她伸腿,光着脚往杨震小腿上踹了一下,力道轻飘飘的,像挠痒。
杨震没躲,下盘稳得像扎了根,反而笑着往她跟前凑了凑:“领导还有力气踹人,看来是歇过来了。”
季洁的脸“腾”地红了,轻咳两声别开眼,手指拽着被子往胸口拉了拉:“你就是属狗的,昨晚乱咬……你自己看!”
杨震顺着她的目光往被子里瞥了一眼——颈侧、肩头,到处都是他留下的淡粉色印记,像幅没干透的画。
他赶紧伸手把被子往上拉了拉,遮住那些惹眼的痕迹,语气带着点讨好的心虚:“领导,我错了。
早饭都做好了,有你爱吃的山药粥,起来尝尝?”
季洁却一把掀开被子,指着自己的脖子,故意板起脸:“你看看这些!
全是你的‘犯罪证据’,还好我休假,不然怎么出去见人?”
杨震的视线在那些印记上打了个转,耳尖悄悄红了,赶紧别开眼:“我认罪,我认罪。”
他伸手想去扶她,“那领导想怎么罚都行,但总得先吃饱饭吧?
我先出去等着,要是领导想让我‘亲自服务’——比如帮你穿衣服什么的,我也没意见。”
“滚蛋。”季洁笑着推了他一把,指尖触到他温热的胸膛,又赶紧收回来,“赶紧出去,再闹,早饭真要凉了。”

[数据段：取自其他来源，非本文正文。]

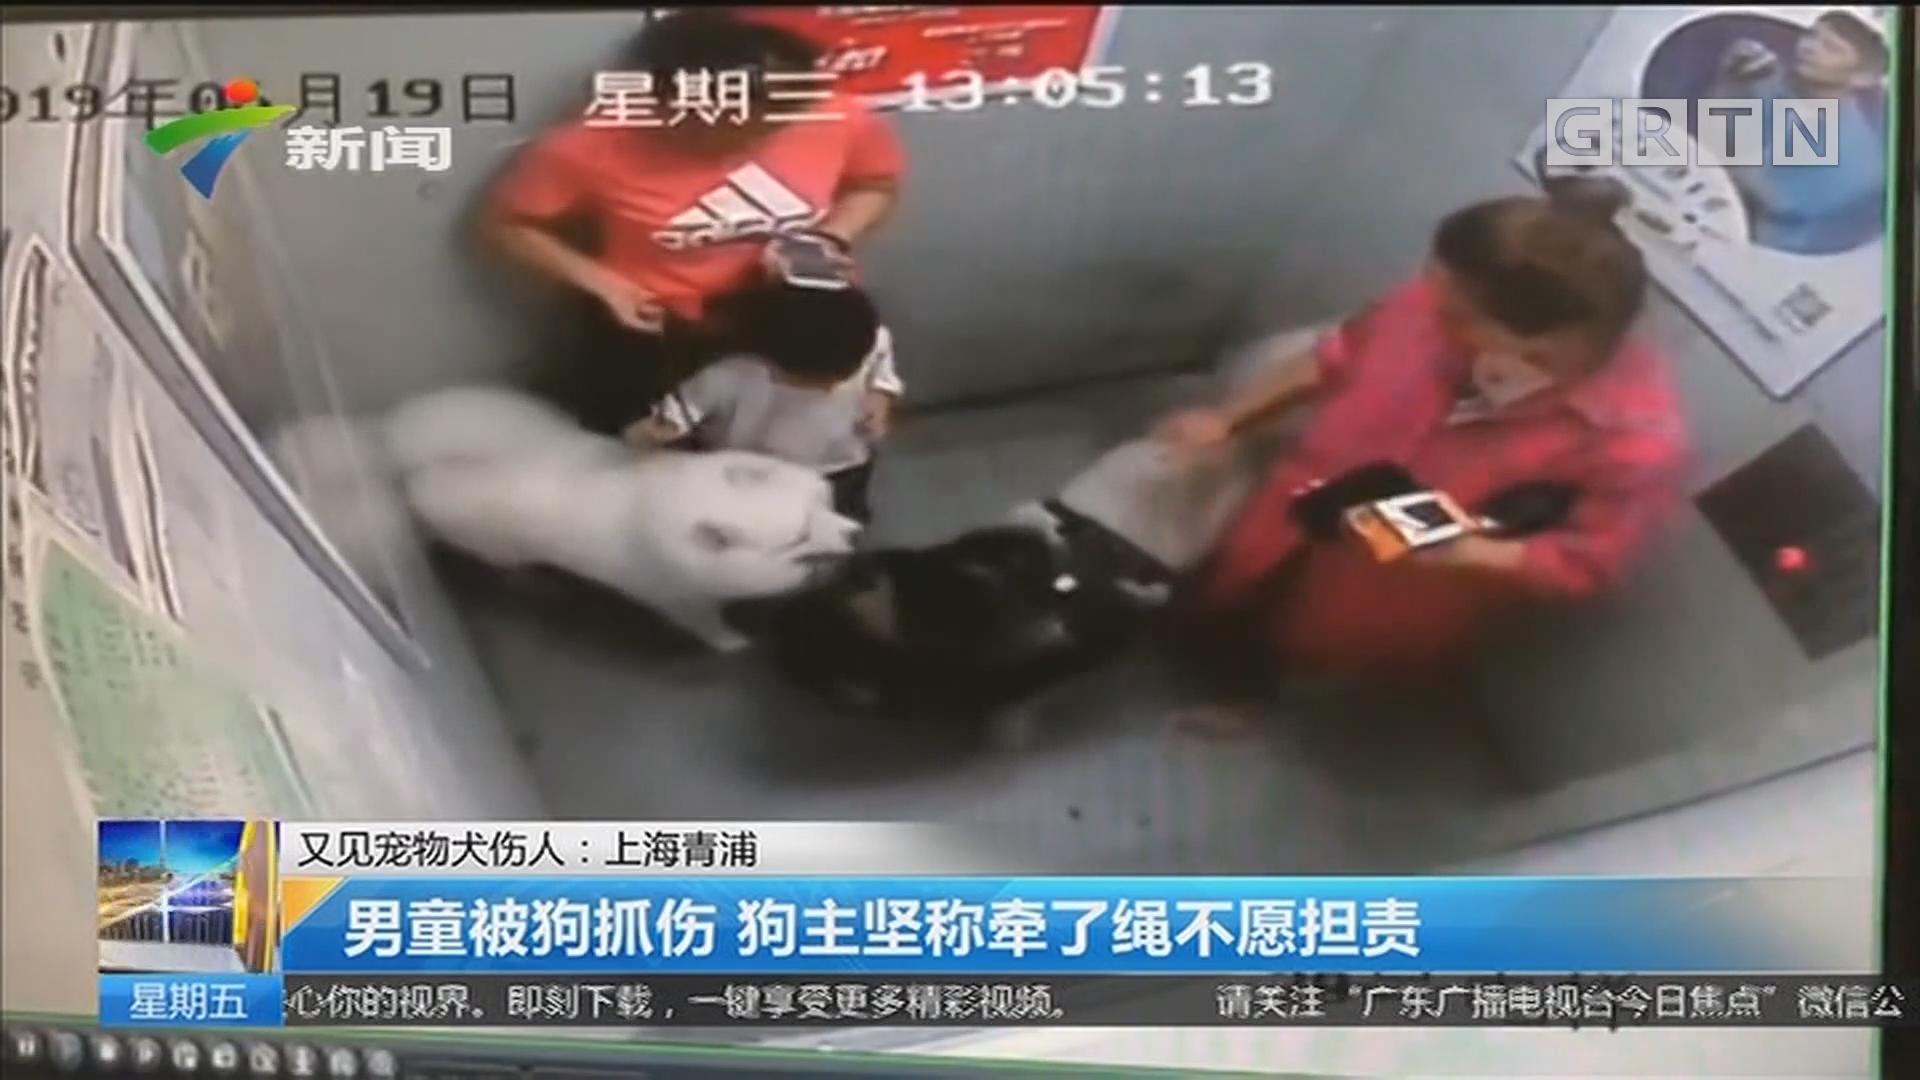 又见宠物犬伤人:上海青浦 男童被狗抓伤 狗主坚称牵了绳不愿担责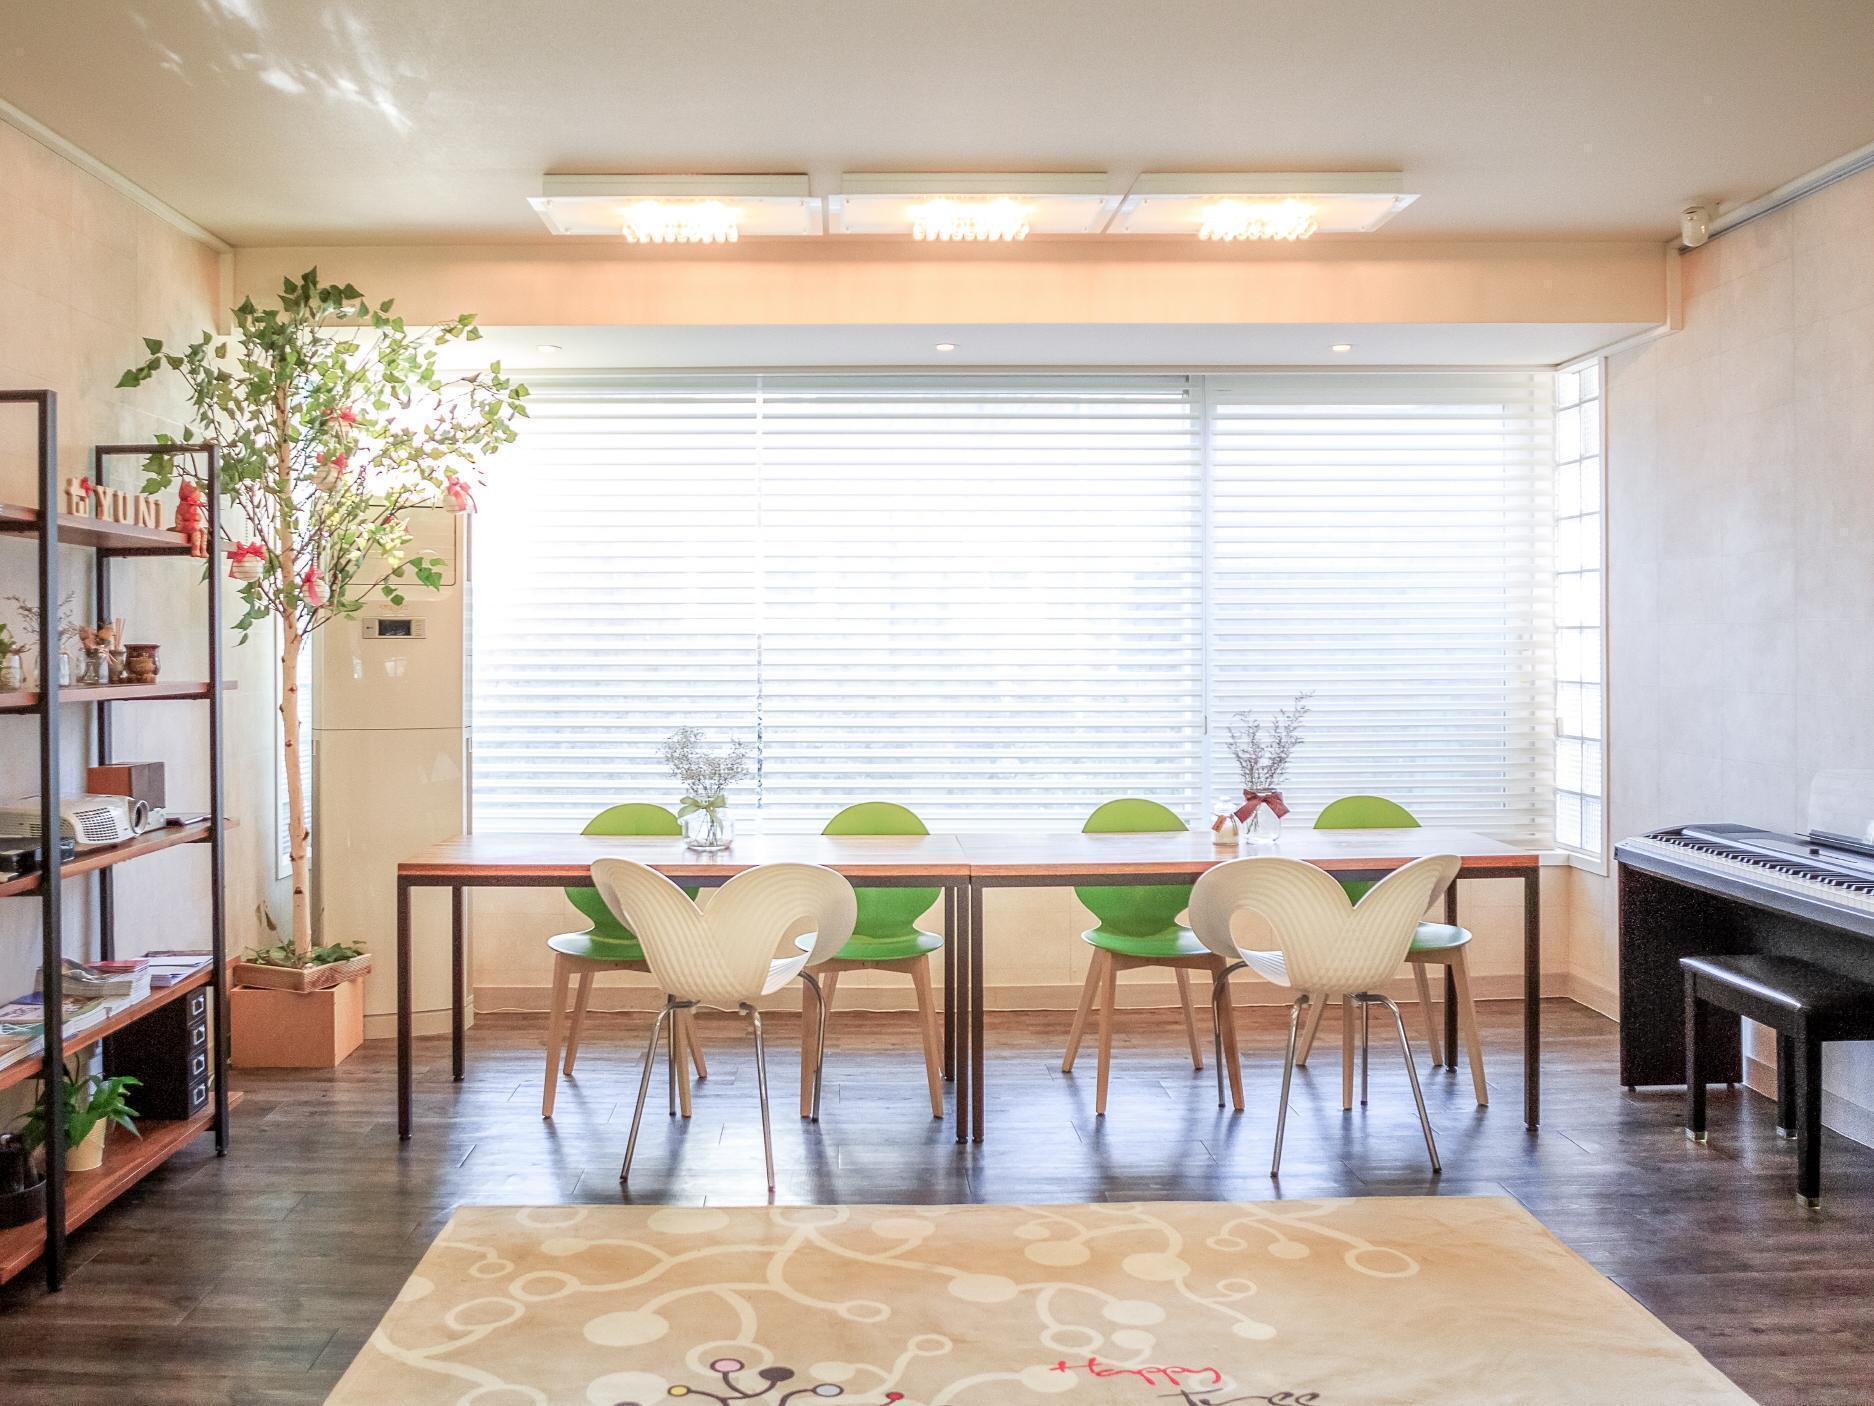 Yuni Haus Guesthouse

杨震低笑出声,转身往外走,走到门口时还不忘回头看了一眼——晨光落在季洁泛红的脸颊上,像镀了层金,好看得让人挪不开眼。
等季洁换好衣服出来,餐厅里已经飘着粥的香气。
她走到餐桌前,看着那碗山药小米粥,上面撒着几粒红枣,旁边卧着溏心蛋,最亮眼的是那盘拍黄瓜,顶上的黄瓜花雕得活灵活现。
“你这手艺,不去开餐馆真是可惜了。”她拿起勺子,舀了一口粥,温热的米香混着山药的清甜在嘴里化开,熨帖得胃里暖洋洋的。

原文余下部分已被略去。